But, we probably should think about the supply chain.
A new report from the Swedish Environmental Research Institute has attempted to quantify the emissions tied to EV battery manufacturing. The study aims to better understand where emissions accrue in the supply chain and to shed some light on where we can do better.
In an early piece on the Swedish website NyTeknik, another researcher from the Swedish Environmental Research Institute, not involved with the original study, did some rough calculations and came to the conclusion that you would need to drive your new Tesla for 8 years (or drive a Nissan Leaf for nearly 3 years) just to break even on CO2 emissions. This later got picked up by English-language outlets eager to publish more “EVs are actually bad for the environment” takes.
But, of course, the devil is in the details. The payback conclusion gets complicated depending on where you live, how you charge the EV, and what your alternatives would be. This means some big differences depending on whether you live in the U.S. or Sweden. For example:
- Swedes drive less than we do,
- Swedes buy more efficient conventional cars than we do, and
- Swedish gasoline/diesel is cleaner than ours.
(On the other hand, charging from the grid is likely to be much cleaner in Sweden. More on that in a moment.)
The payback period assumes someone drives 7,650 miles/year, fuel is 18% bio-based, and that the average tailpipe emissions of new cars is 208 g/mile.
By contrast, in the U.S. we drive around 11,000 miles/year, our passenger fuel is mostly gasoline with 10% ethanol, and average tailpipe emissions are about 350 g/mile.
Of course, we also need to think about the emissions related to charging the EV during use. The Tesla driver in Sweden can top up with very low-emission power: Sweden’s energy mix is nearly 50% Nuclear and 50% Hydro. The average U.S. energy mix is more like 65% fossil, giving us emissions per EV-mile of something like 176 g CO2.
Once we account for higher-emission conventional cars one the one hand and charging from a higher-emission grid power on the other, it seems like the CO2 payback period is about the same in both countries.
Tesla’s Gigafactory is Carbon Neutral
The report assumes that the energy used in manufacturing the battery is 50% fossil-based. Tesla has long committed to making its Gigafactory carbon-neutral, and appears to be working towards that goal. The original research states that about half of the CO2 impact of battery manufacturing occurs at the battery plant, while only 10–20% comes from mining and the rest comes from materials production. That means, for the Tesla batteries at least, the CO2 emissions payback is halved.
A Cleaner Grid Matters Here
We saw the same debate play out a few years ago when researchers showed that if you charge a car from a coal-fired grid, your emissions reductions are limited. While that’s certainly true, the grid is getting cleaner over time. Today you could charge your Tesla from your home solar system, or — soon — from Tesla’s all-solar Supercharger stations.
The Bottom Line
Under the assumptions above, the CO2 payback for a 100 kWh Tesla battery comes out to about just under 3 years in the best case and 6 years in the worst case.
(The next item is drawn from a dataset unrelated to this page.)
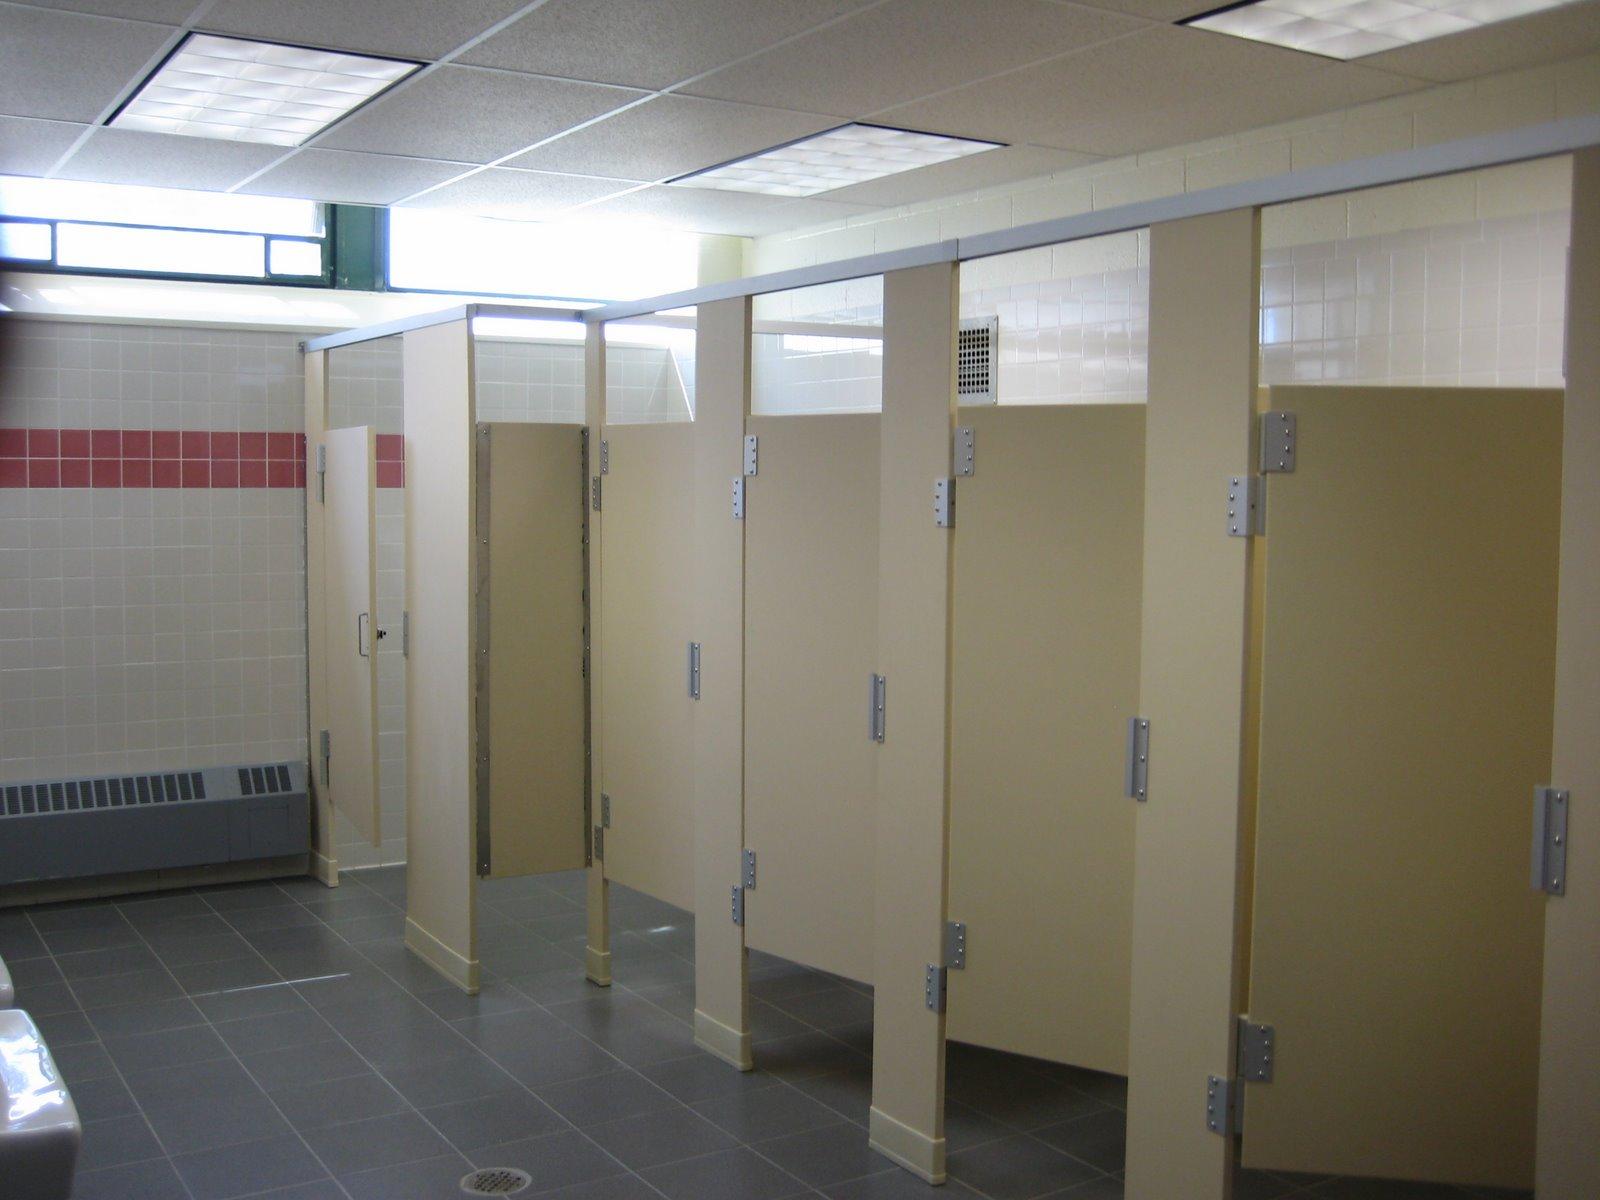 School Bathroom Stall Door | www.imgkid.com - The Image ...

The average car in the US lasts for about 8 years, but many don’t expect EV batteries to last that long. On the other hand, lots of people are trying to figure out how (or whether) to give the batteries a second life, for things like stationary storage.
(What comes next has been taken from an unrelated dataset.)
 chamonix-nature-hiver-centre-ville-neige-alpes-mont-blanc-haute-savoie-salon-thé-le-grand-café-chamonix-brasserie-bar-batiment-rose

This research is a great step towards understanding the climate impact of a long supply chain, and it highlights the need to think about responsible sourcing and energy-efficient manufacturing. It should also highlight, yet again, that as transportation becomes increasingly electrified, a clean and reliable grid is more important than ever.
But, it doesn’t give you an excuse not to buy a Tesla.